A tapeçaria havia sido mudada, as camas, os móveis. Não havia nem mesmo um pequeno sinal das mortes, dos corpos, da dor que todos aqueles seres o infligiram.

Cale sorriu.

Era tão fácil assim apagar o início da sua loucura? Então por que nunca era fácil quando se tratava de salvá-lo?

Seu peito doeu com a ideia, mas um homem que beirava seus 70 anos pigarreou.

— Senhor Lestrad.

— Diga, Veiner — suspirou, não era de se surpreender que a rainha o houvesse mandado para espionar.

— Apenas queria lembrá-lo de que o funeral de sua família será hoje às 16:00. O senhor deve comparecer.

"Certo", pensou.

Não era um pedido ou aviso.

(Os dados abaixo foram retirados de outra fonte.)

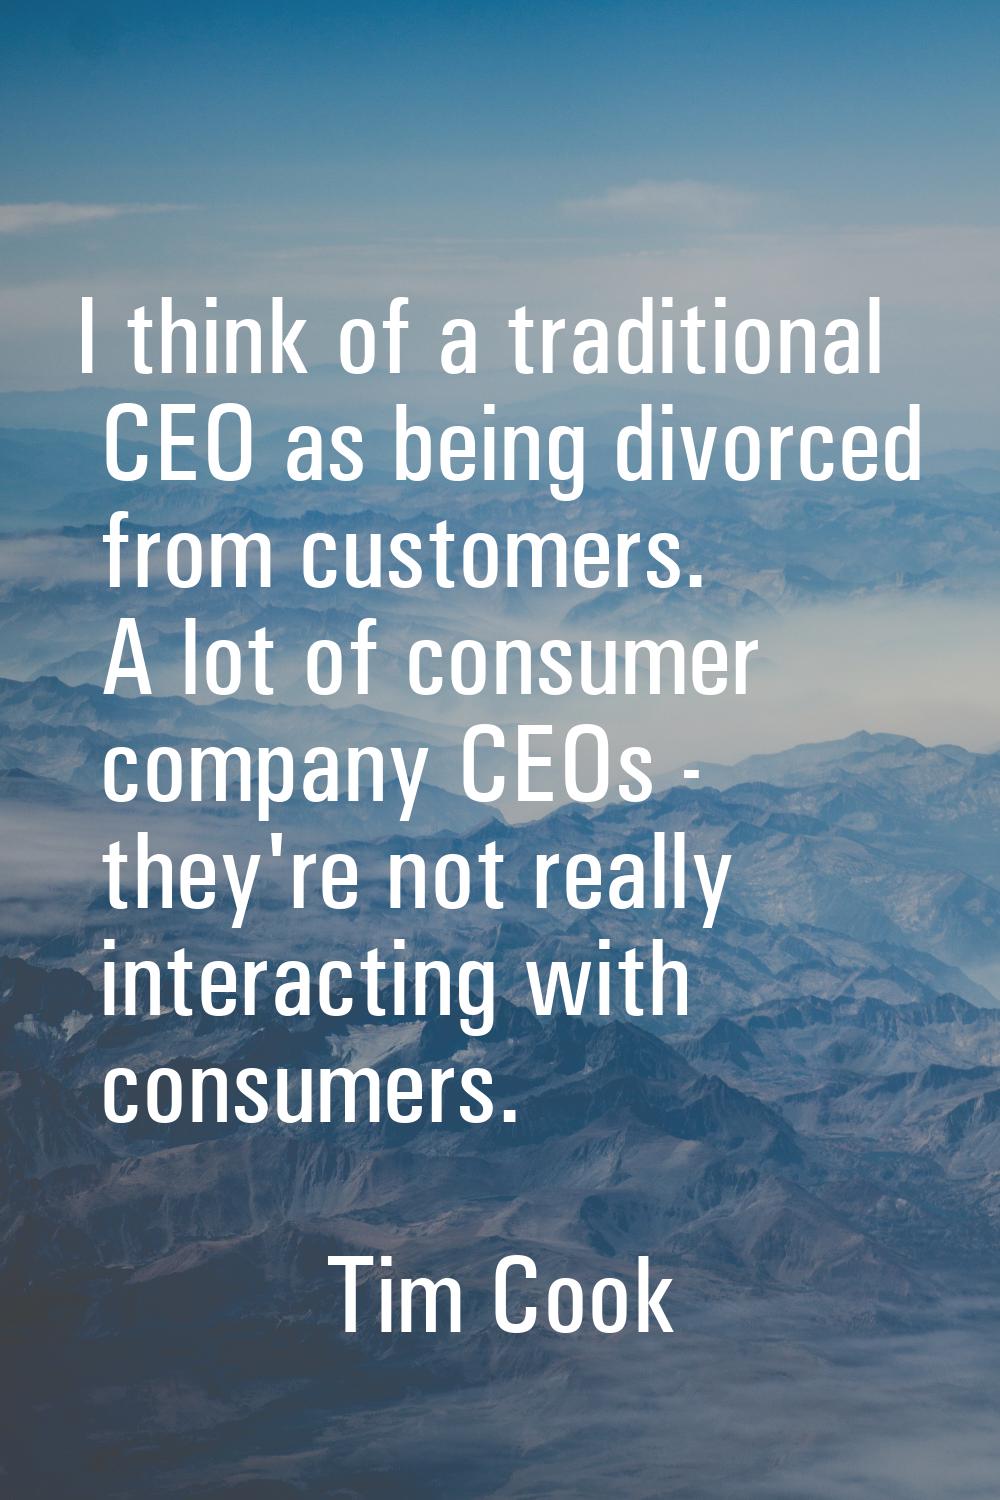 I think of a traditional CEO as being divorced from customers. A lot of consumer company CEOs - the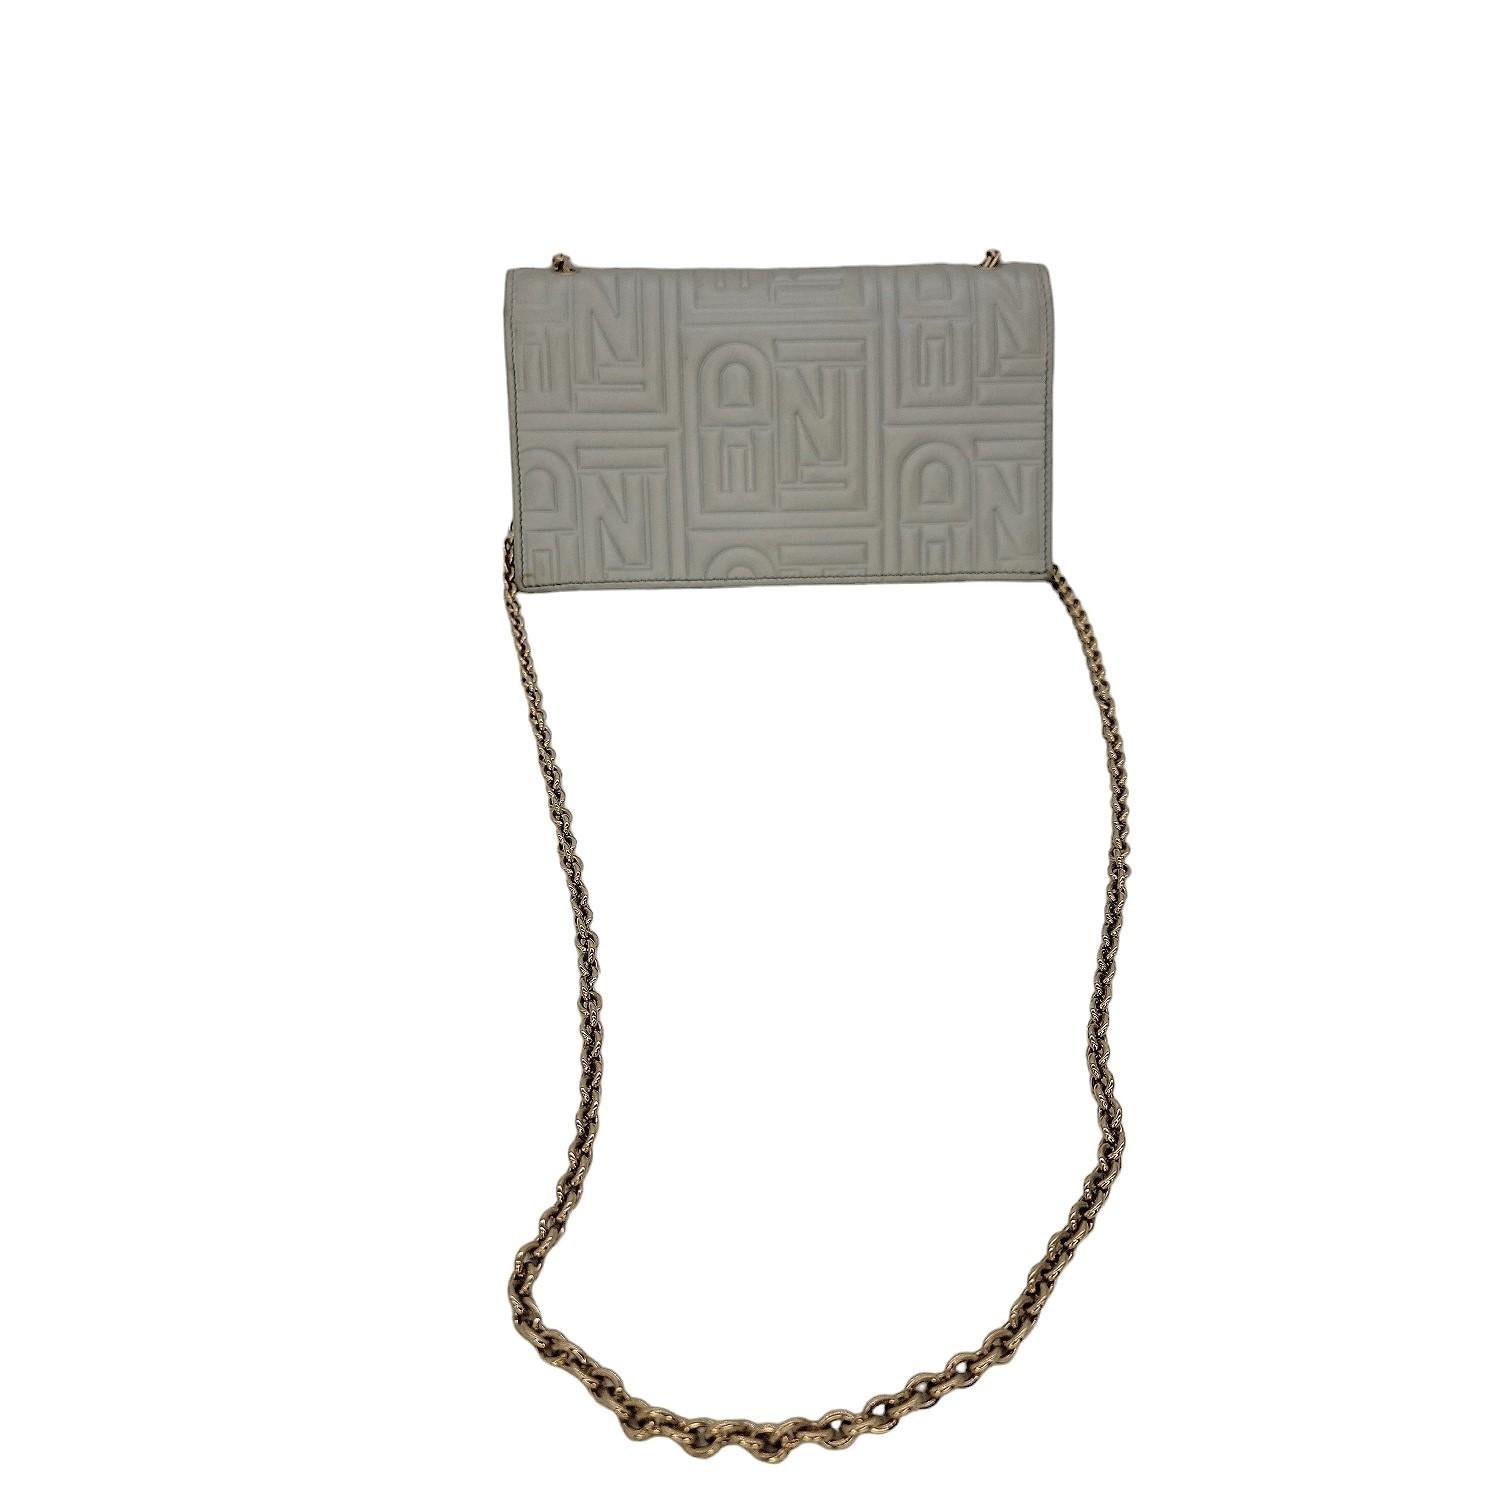 Fendi Metallic Nappa Logo Embossed Long Wallet On Chain in Silver. This chic wallet is crafted of silver embossed leather with the Fendi FF monogram. The bag features a waist-length gold chain link shoulder strap and a frontal flap and light brass

Era uma ordem.

Tinha que manter as aparências. Tinha que manter aquela visão de realidade absurda.

A visão de que a maldição de sua família era boato. A visão de que os Lestrad - assim como qualquer outra família nobre -, era unida, se amava e cuidava, mesmo que aquela simples idéia fizesse seu peito doer e seu estômago embrulhar.

Quando Cale tinha sentido amor vindo de sua família?

Quando alguém ali o tinha acolhido?

A resposta era tão simples e singela que chegava a ser dolorida.

Nunca.

Suspirou.

— Vou me trocar e estarei pronto com 20 minutos de antecedência — se viu respondendo com certo clamor.

Era sua última vez servindo aquelas pessoas.

Era sua última vez obedecendo daquela forma.

O seu próprio reflexo no espelho era como uma nuvem do que um dia já foi, mas quem poderia se importar? Não havia mais ninguém.

Sorriu.

Uma tarde clara, que se tornou nublada assim que seus pés tocaram o solo do cemitério.

Era um domingo, não era?

Suspirou.

Meia dúzia de palavras foram jogadas fora, ele fingiu chorar e então todos se foram.

— A carruagem o aguarda — Veiner disse, a mão atrás das costas como gesto de cortesia.

Cale suspirou, sua memória era ruim, mas ainda se recordava da vizinhança, do lago.

Um lago pequeno, quase moribundo, em frente a uma igreja ridícula que possuía um vitral bonito.

— Eu vou andando, quero caminhar.

Os olhos do senhor se arregalaram.

— Senhor Lestrad... sua mansão fica à 2 horas de carruagem...

— Eu irei caminhar — insistiu — quando desejar retornar a minha casa, alugo uma carruagem. Me deixe pensar sozinho, Veiner. É meu novo mordomo, não meu pai — a última parte saiu em um quase rosnado e sem esperar uma resposta do homem da rainha. Cale se foi.